⟨

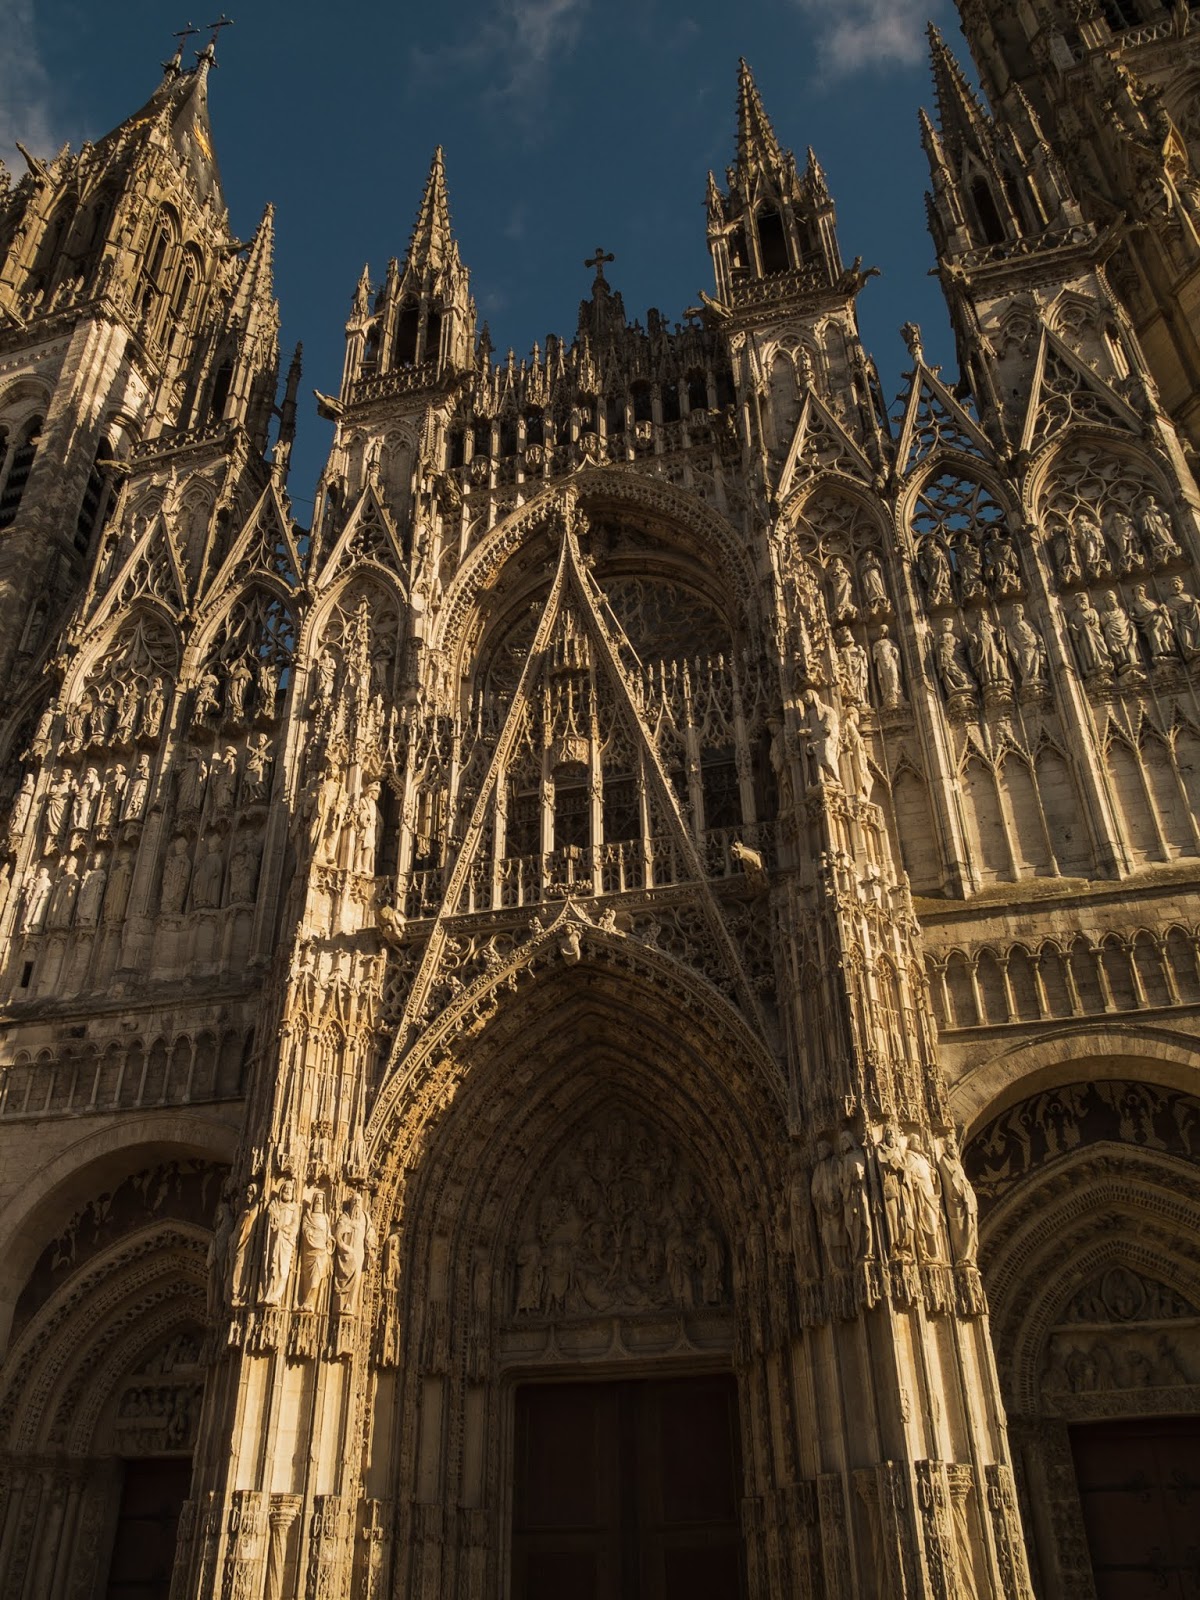 Sun shining on the front of the Cathedral in Rouen, France.
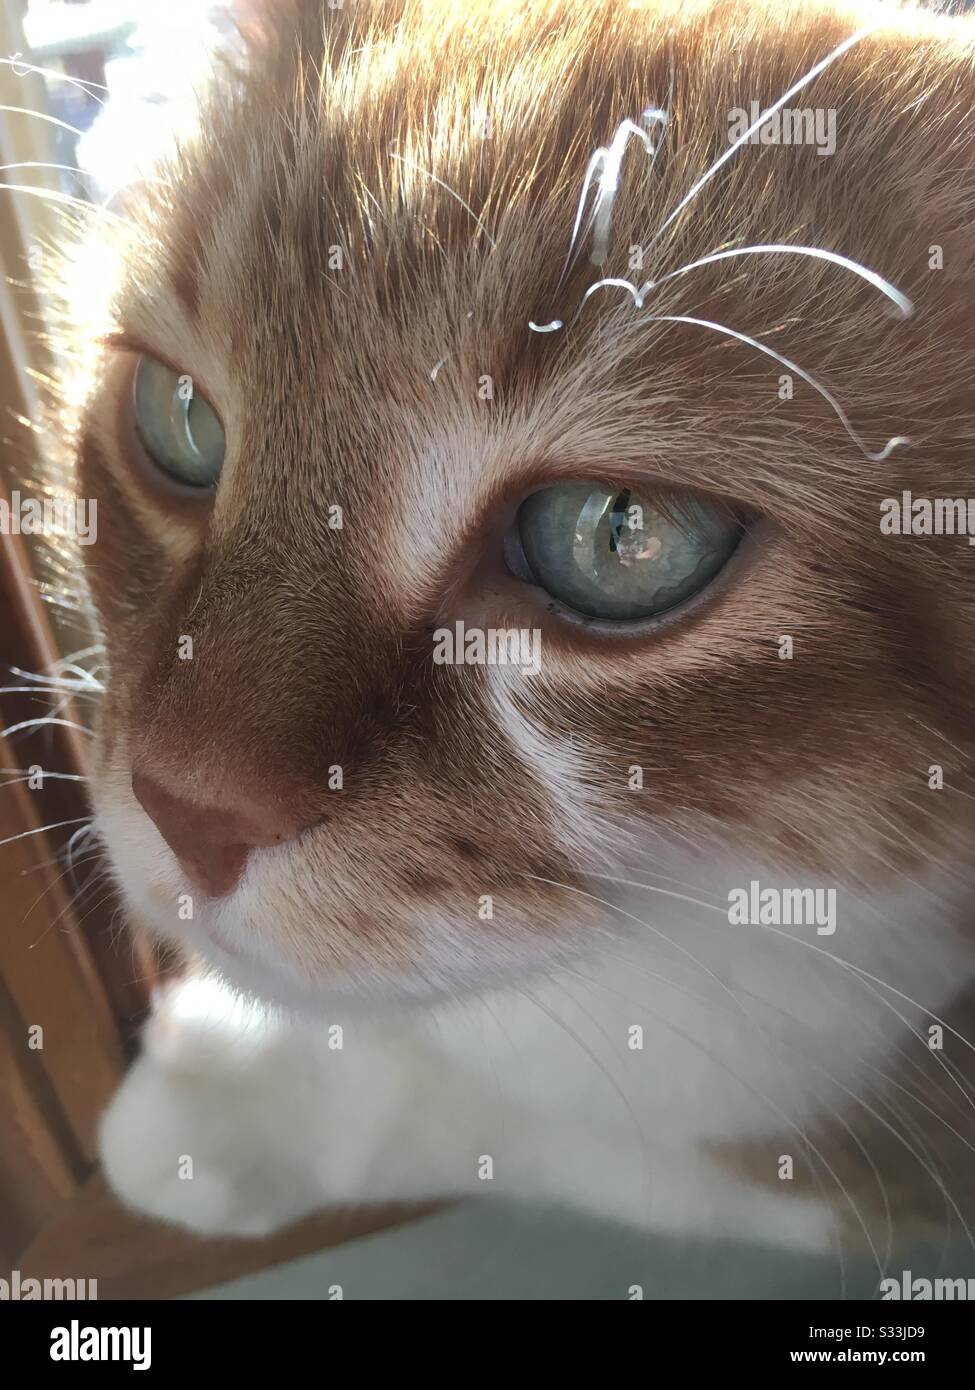 close up cat face, orange and white cat with green eyes Stock Photo
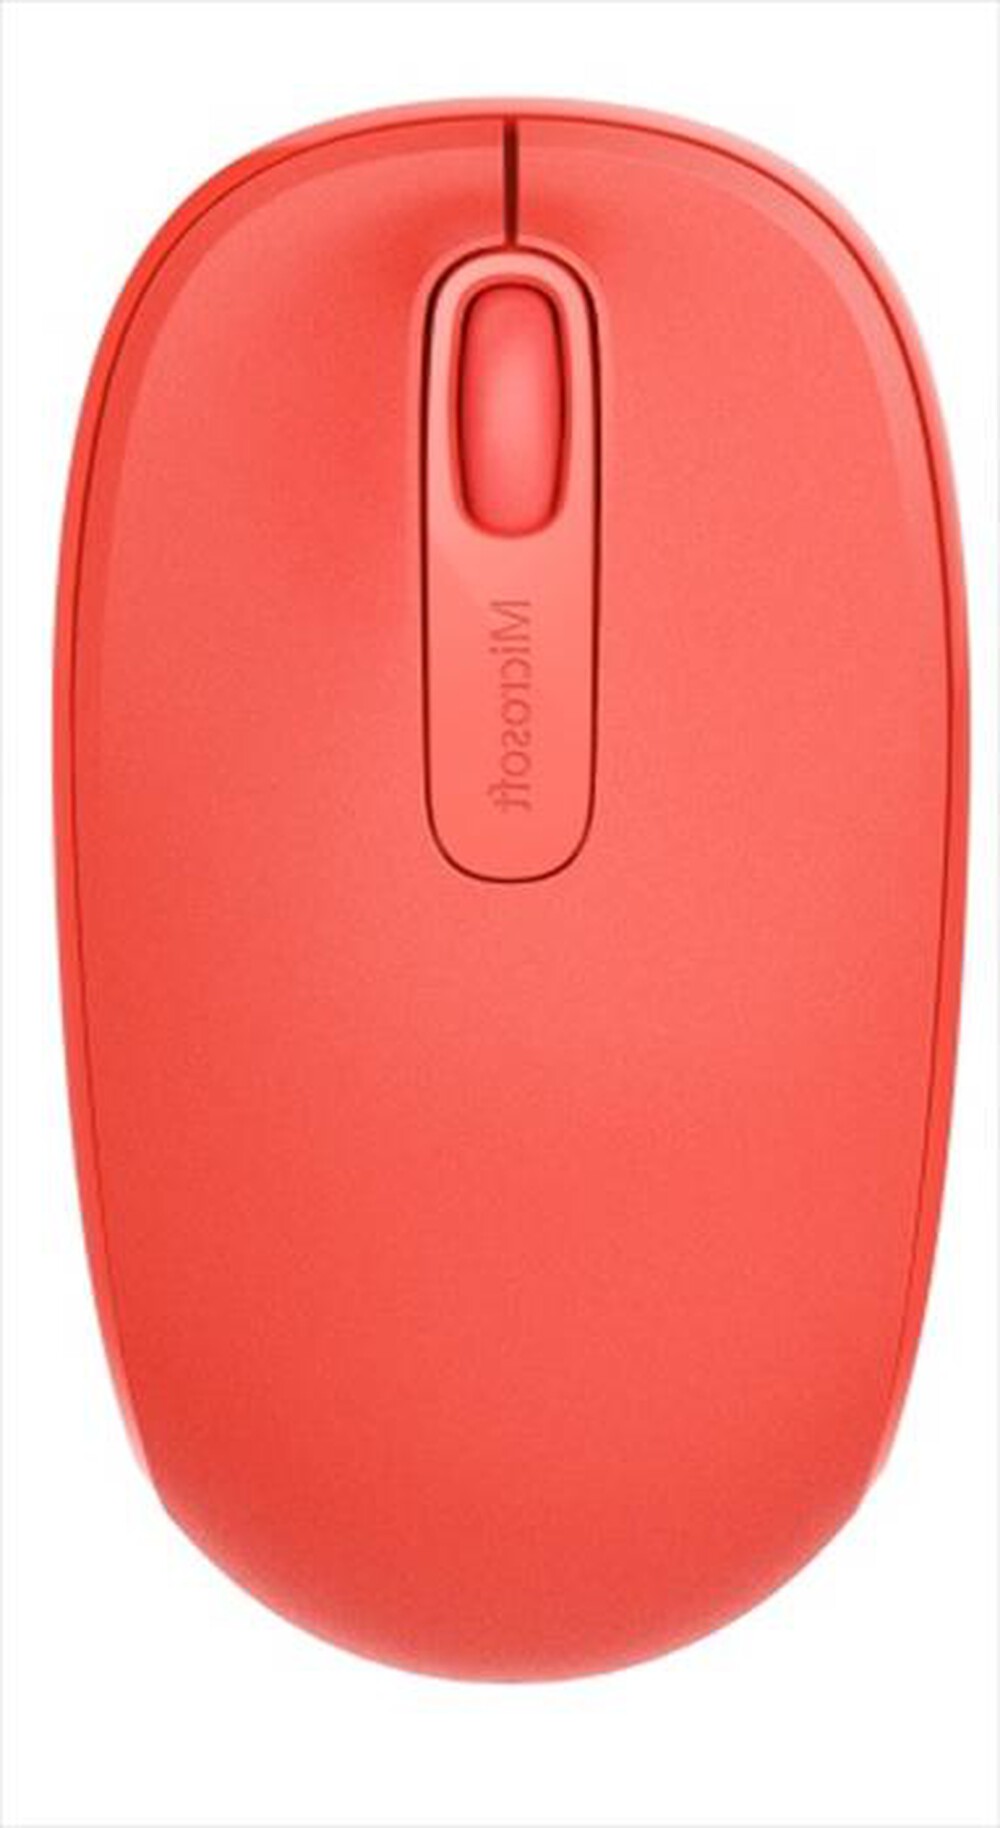 "MICROSOFT - Wireless Mobile Mouse 1850 - Flame Red V2"

⟩

Prompt: Everything in the data must be printed verbatim except the pictures.

Solution to this exercise:
 Sun shining on the front of the Cathedral in Rouen, France.
 close up cat face, orange and white cat with green eyes Stock Photo
 "MICROSOFT - Wireless Mobile Mouse 1850 - Flame Red V2"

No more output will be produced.